Was he going to talk about the aquaculture sector? Perhaps the salmon farmers who provide thousands of jobs, not only on Vancouver Island but also in the Lower Mainland. Or in my community, the shellfish sector is sort of the centre of shellfish and oyster growing in British Columbia, providing millions and millions of dollars of investment, of dollars coming in? He didn’t talk about that.
Perhaps he was going to talk about B.C. Ferries. I was wondering if he was going to talk about the labour peace we’ve experienced over the last 15 years. It wasn’t like that when I was a young man. It was a different time with….
Interjection.
D. McRae: I was a young man once. Yes, I was.
Was he going to talk about the increased ridership that Vancouver Island saw this past summer, with the increased tourism and people travelling? Perhaps it was the ship investment, which allows people to move and goods to move on and off Vancouver Island. In fact, my riding will be receiving a new vessel, replacing a 60-year-old B.C. ferry that currently plies the water.
It must have been that maybe he was going to talk about investments in infrastructure, perhaps investments like in B.C. Hydro on the north Island — not even in my own riding — where we’ve seen a $1 billion investment by that company to make sure that power is going to be supplied more on Vancouver Island than ever before… [Applause.]
Thank you.
…taking aging infrastructure and replacing it with new investment, which is absolutely essential.

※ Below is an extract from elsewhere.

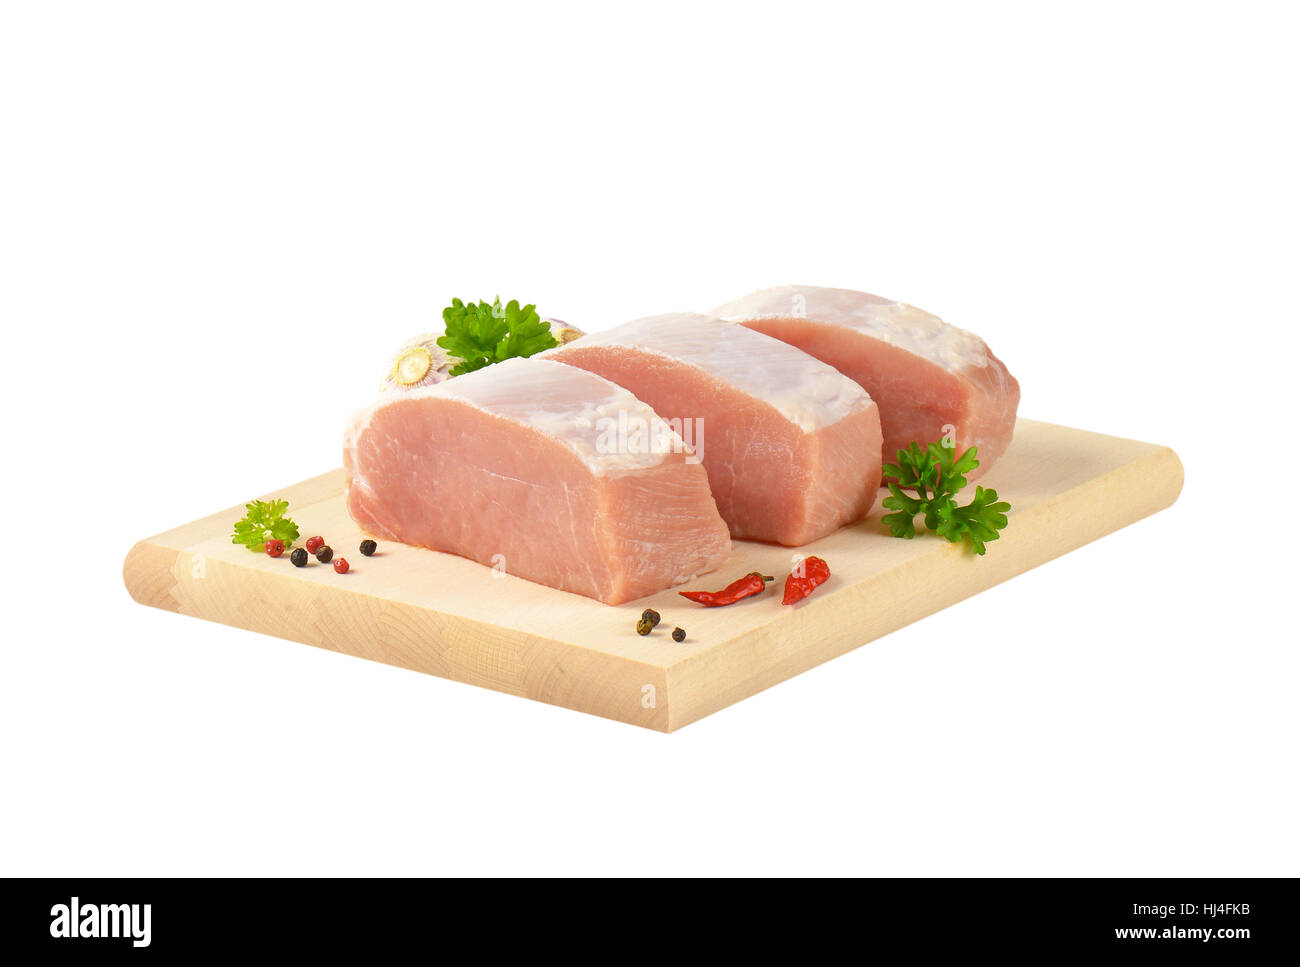 Slices of fresh boneless pork loin on cutting board Stock Photo

Perhaps it’s new hospitals allowing communities to thrive, not only the residents who live there but the people who visit. Perhaps he’s talking about the $300 million hospital in Campbell River or the $300 million hospital in Comox Valley, which are absolutely essential to the lifeblood of communities. Perhaps it’s road infrastructure, but I don’t think he talked about that either. He didn’t talk about the $85 million investment on McKenzie interchange, which will make a huge impact.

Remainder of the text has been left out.